12
votes

I am using kafka version 2.4.1(recently upgraded to 2.4.1 from 2.2.0) and noticed a strange problem.

Even though application(kafka streams) is down (there is no application which is running ) but the consumer group command returns the state as rebalancing. Our application runs as kubernetes pod.

root@bastion-0:# ./kafka-consumer-groups --describe --group groupname --bootstrap-server kafka-0.local:9094 

Warning: Consumer group 'groupname' is rebalancing.

I have waited for some amount of time now(30 mins) and still the command reports 'rebalancing' even though application is down.

Even if i try to delete the group, it gives the following message.

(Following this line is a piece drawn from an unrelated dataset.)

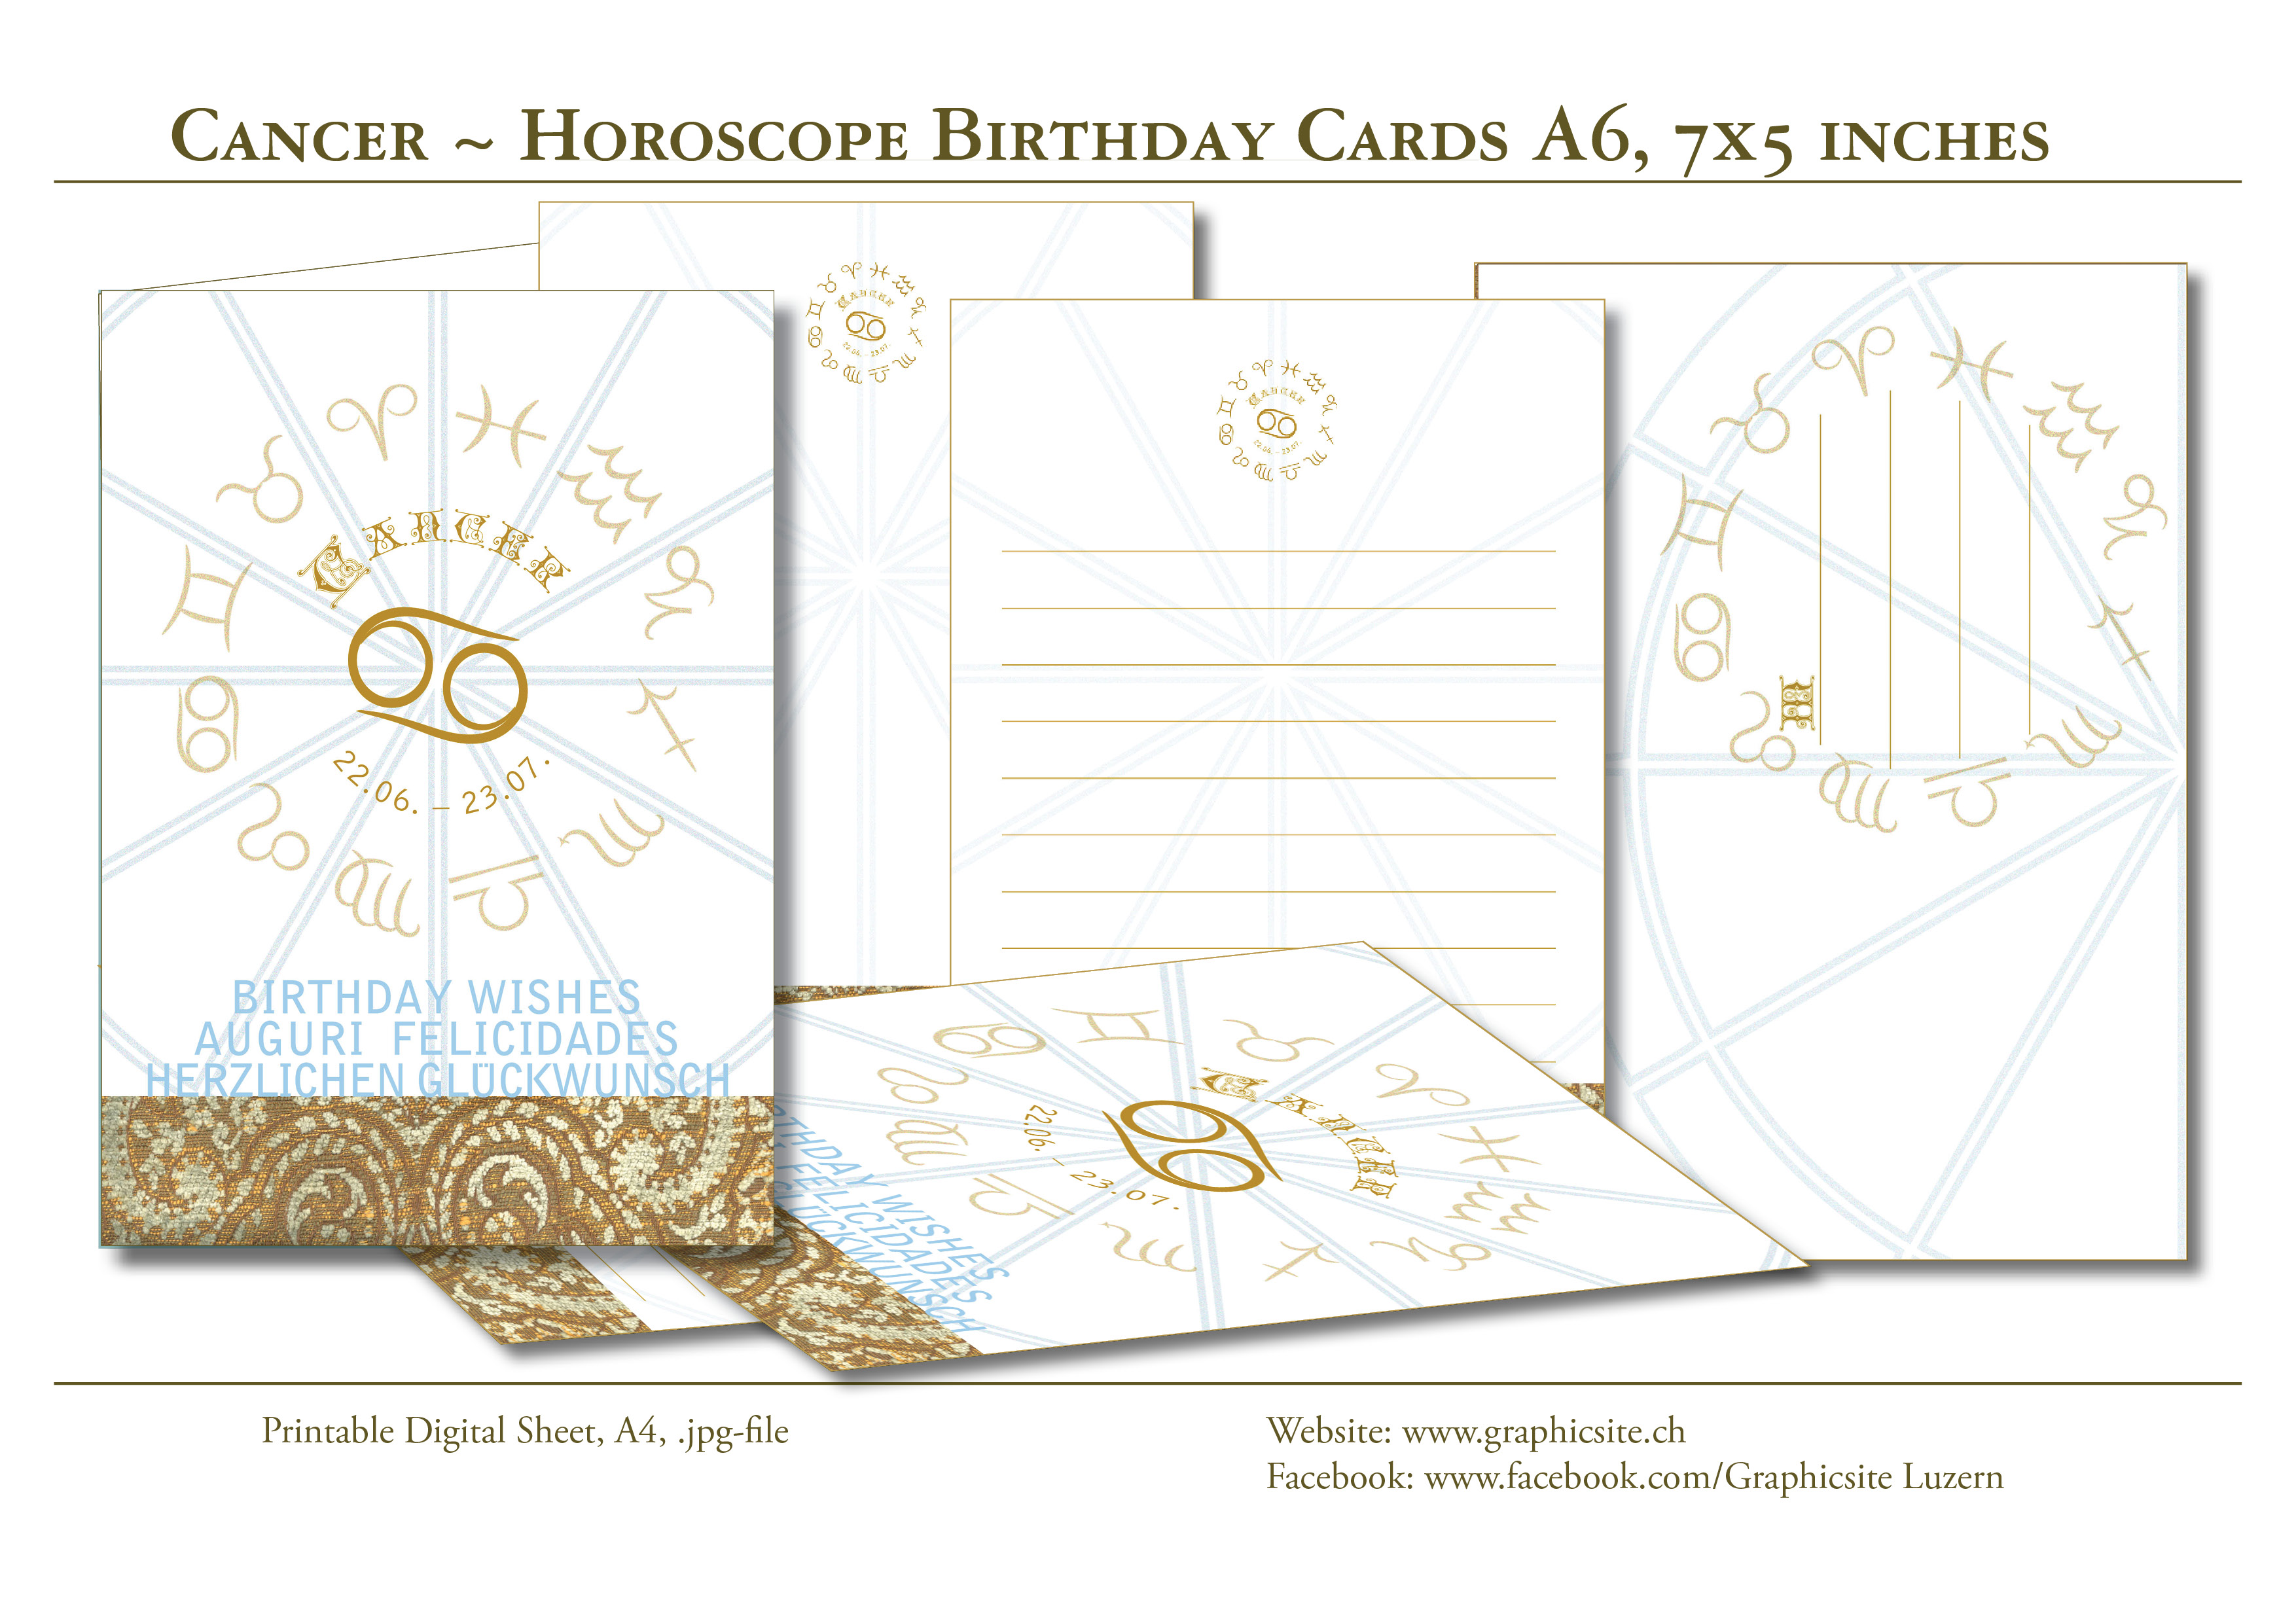 Printable Digital Sheets - Birthday Card Collection - Horoscope - Zodiac - Cancer A6 - GraphicDesign, Luzern

root@bastion-0:/app/kafka_2.12-2.4.1/bin# ./kafka-consumer-groups.sh --delete --group group1  --bootstrap-server kafka.local:9094 

Error: Deletion of some consumer groups failed:
* Group 'group1' could not be deleted due to: java.util.concurrent.ExecutionException: org.apache.kafka.common.errors.GroupNotEmptyException: The group is not empty.
root@bastion-0:/app/kafka_2.12-2.4.1/bin# ./kafka-consumer-groups.sh --delete --group group2  --bootstrap-server kafka.local:9094 

Error: Deletion of some consumer groups failed:
* Group 'group2' could not be deleted due to: java.util.concurrent.ExecutionException: org.apache.kafka.common.errors.GroupNotEmptyException: The group is not empty.

When i look at the group members, there are members listed even though application is NOT running. Is it because of new rebalance protocol(cooperative rebalance) ?

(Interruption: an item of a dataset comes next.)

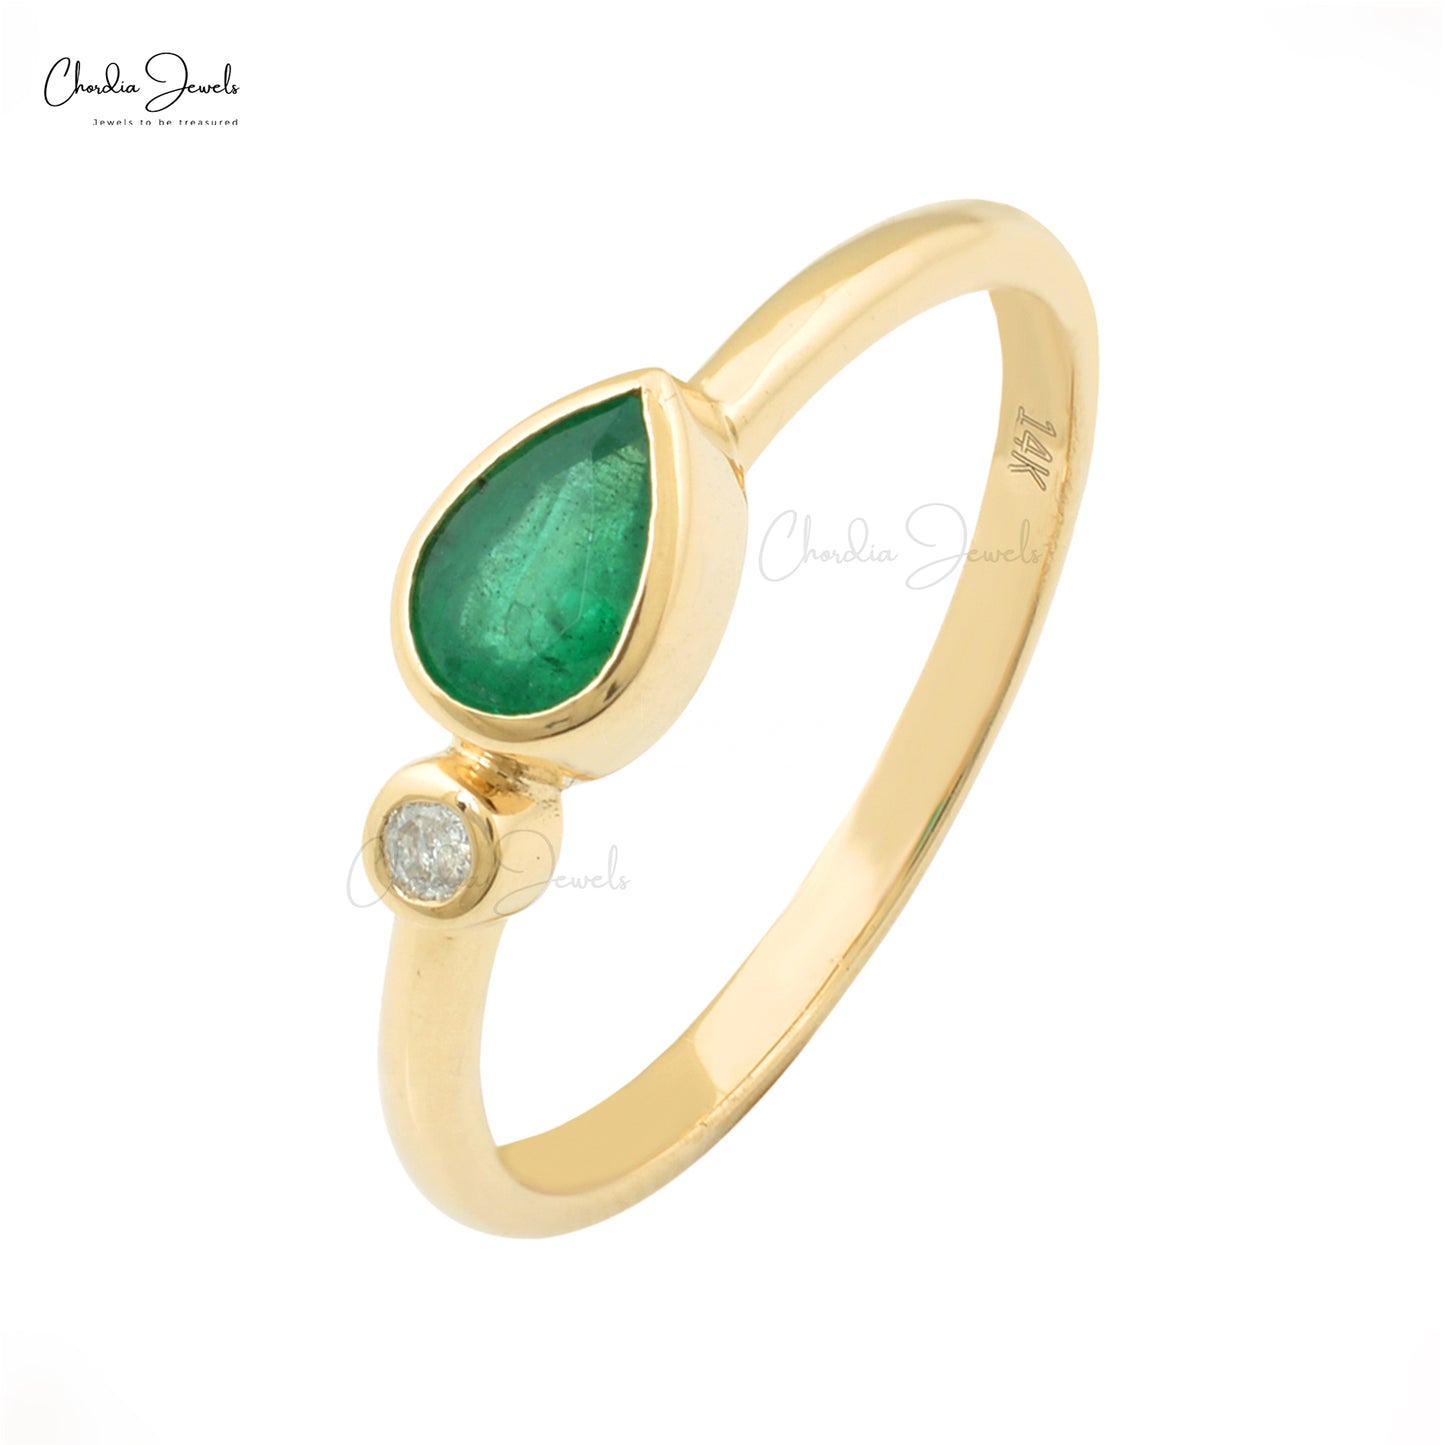 Load image into Gallery viewer, Natural Emerald 14k Solid Yellow Gold Diamond Ring 6x4mm Pear Cut Gemstone Band For May Birthstone

From where does ./kafka-consumer-groups reads the group membership information. Does it save the member information if the application is down ?

Update:

I brought up the application with a different group name and it came up fine. I can describe the group also. Even then the old group is in 'rebalancing' state.

New Update Also, i found that group coordinator for all the groups was one of the node in kafka cluster and when i rebooted that node, the problem went away.

Question:

Where is group metadata stored ? Can be problem be related to corrupted zookeeper ?

1
Is the pod still active? Clearly kafka thinks some consumer is runningOneCricketeer
Pod is down. that is really strange to me. Other apps(other groups) are fine. I am bringing this up for the first time on this new kafka cluster. Even when i run with --members, it show a list of client-ids but again pod is down.SunilS
I am having the same issue in AWS MSK, where unfortunately I can't restart broker nodes. Perhaps this needs to be raised as a bug to the Kafka team.PMah
Update: it has been raised as a bug! issues.apache.org/jira/browse/KAFKA-9935PMah

1 Answers

2
votes

This was raised as bug here issues.apache.org/jira/browse/KAFKA-9935 with duplicate https://issues.apache.org/jira/browse/KAFKA-9752

This now appears to be fixed since March for versions 2.2.3, 2.3.2, 2.4.2 and 2.5 and above so make sure to use an up to date version.